* What is expected
Your answer should hold exactly the lines below from the line with "Basin, William Adams" through the line with "100% Torque Comfort", both included, and no pictures at all.

* Data for analysis
__________________________________________________

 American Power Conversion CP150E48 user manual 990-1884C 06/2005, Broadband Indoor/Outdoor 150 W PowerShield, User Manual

__________________________________________________

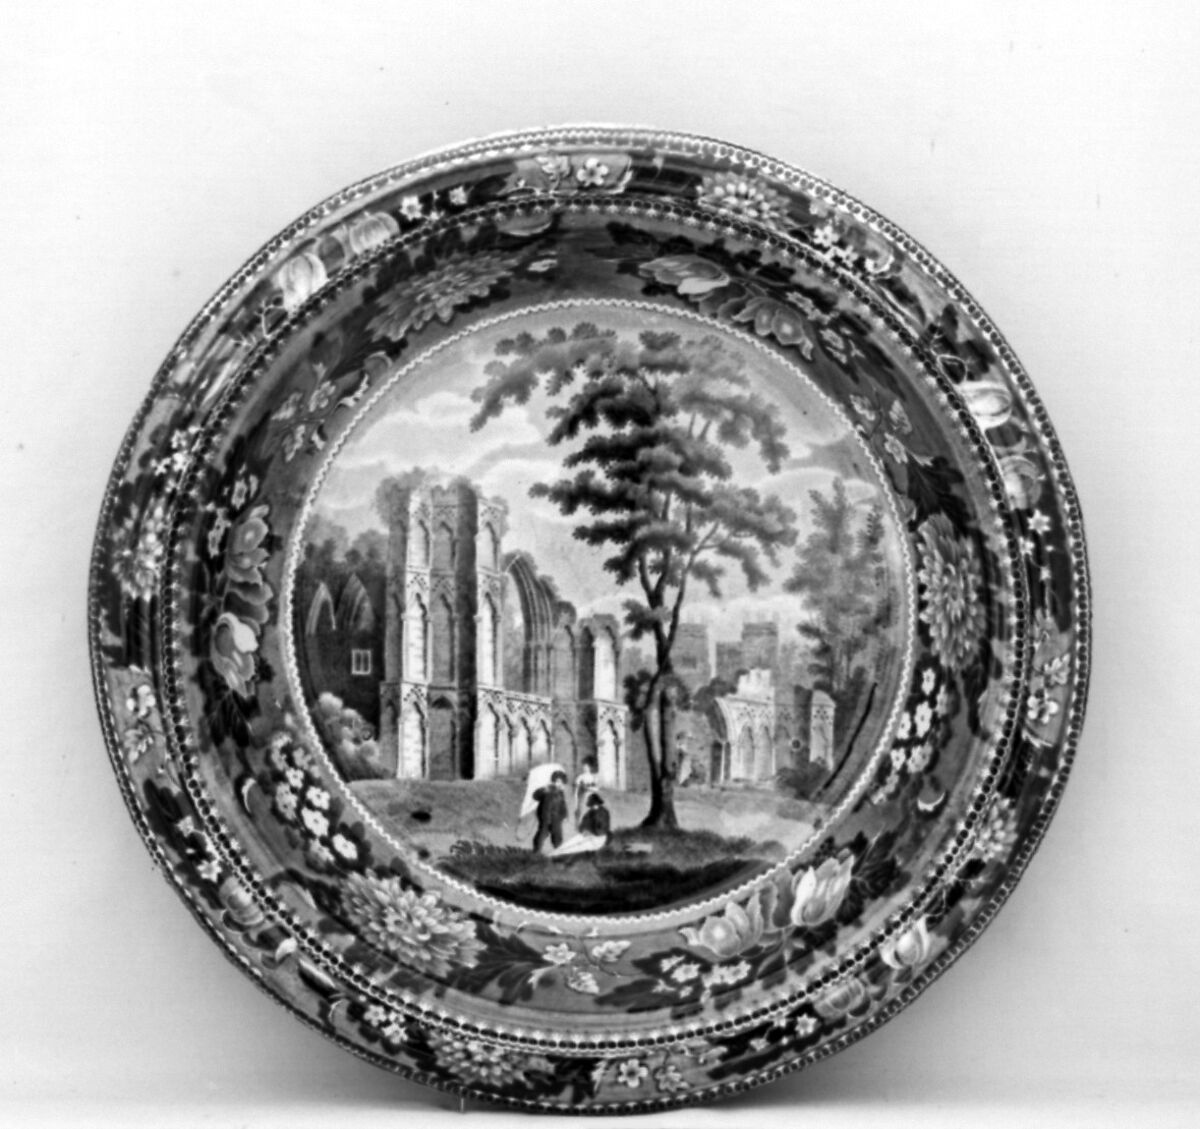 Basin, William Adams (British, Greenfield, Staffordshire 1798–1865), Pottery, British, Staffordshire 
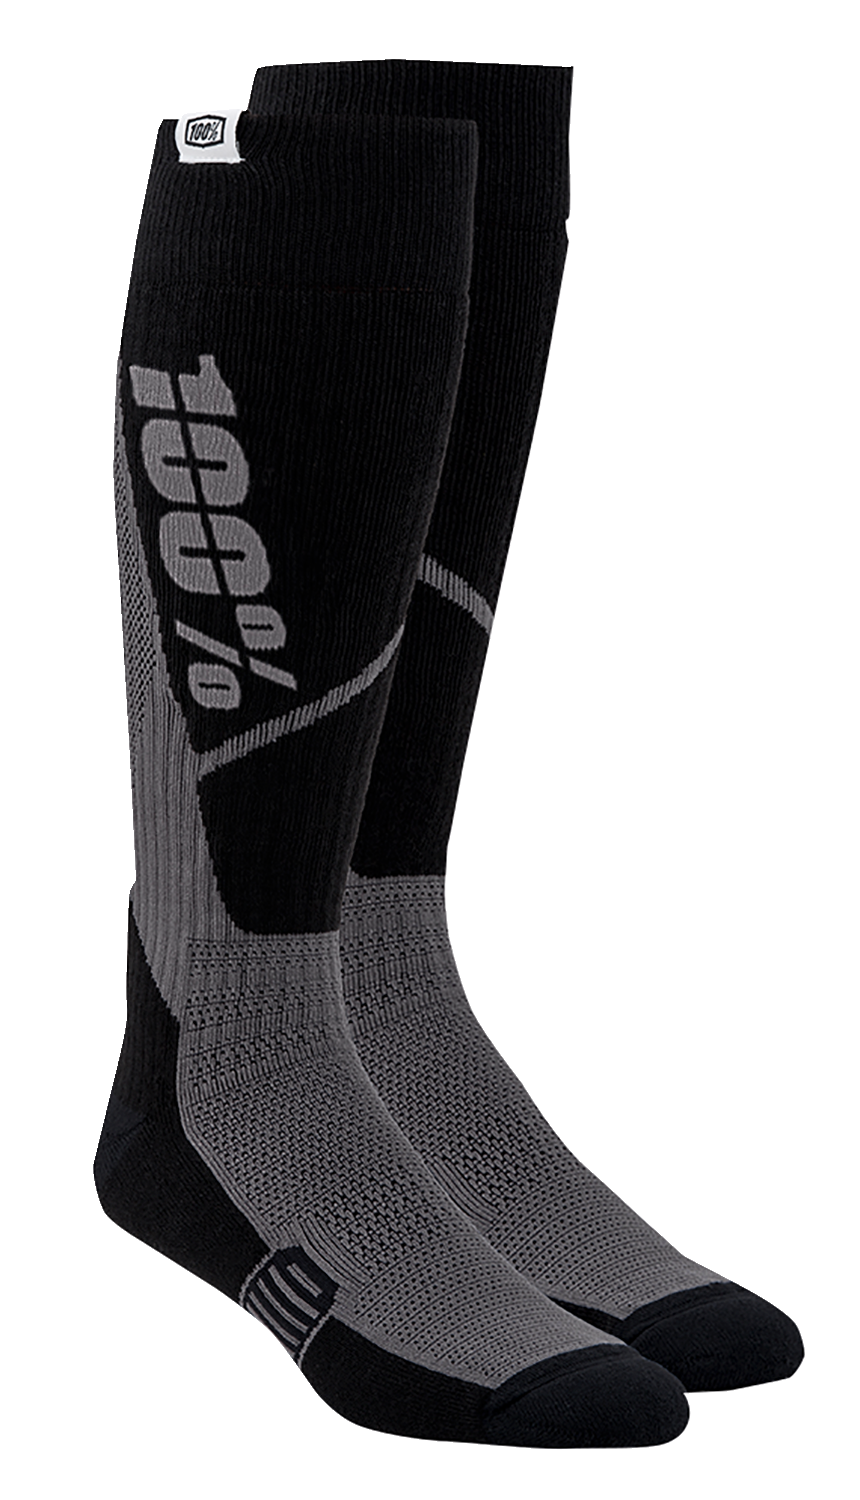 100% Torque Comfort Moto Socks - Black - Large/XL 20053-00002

__________________________________________________

* Task response
 Basin, William Adams (British, Greenfield, Staffordshire 1798–1865), Pottery, British, Staffordshire 
 100% Torque Comfort Moto Socks - Black - Large/XL 20053-00002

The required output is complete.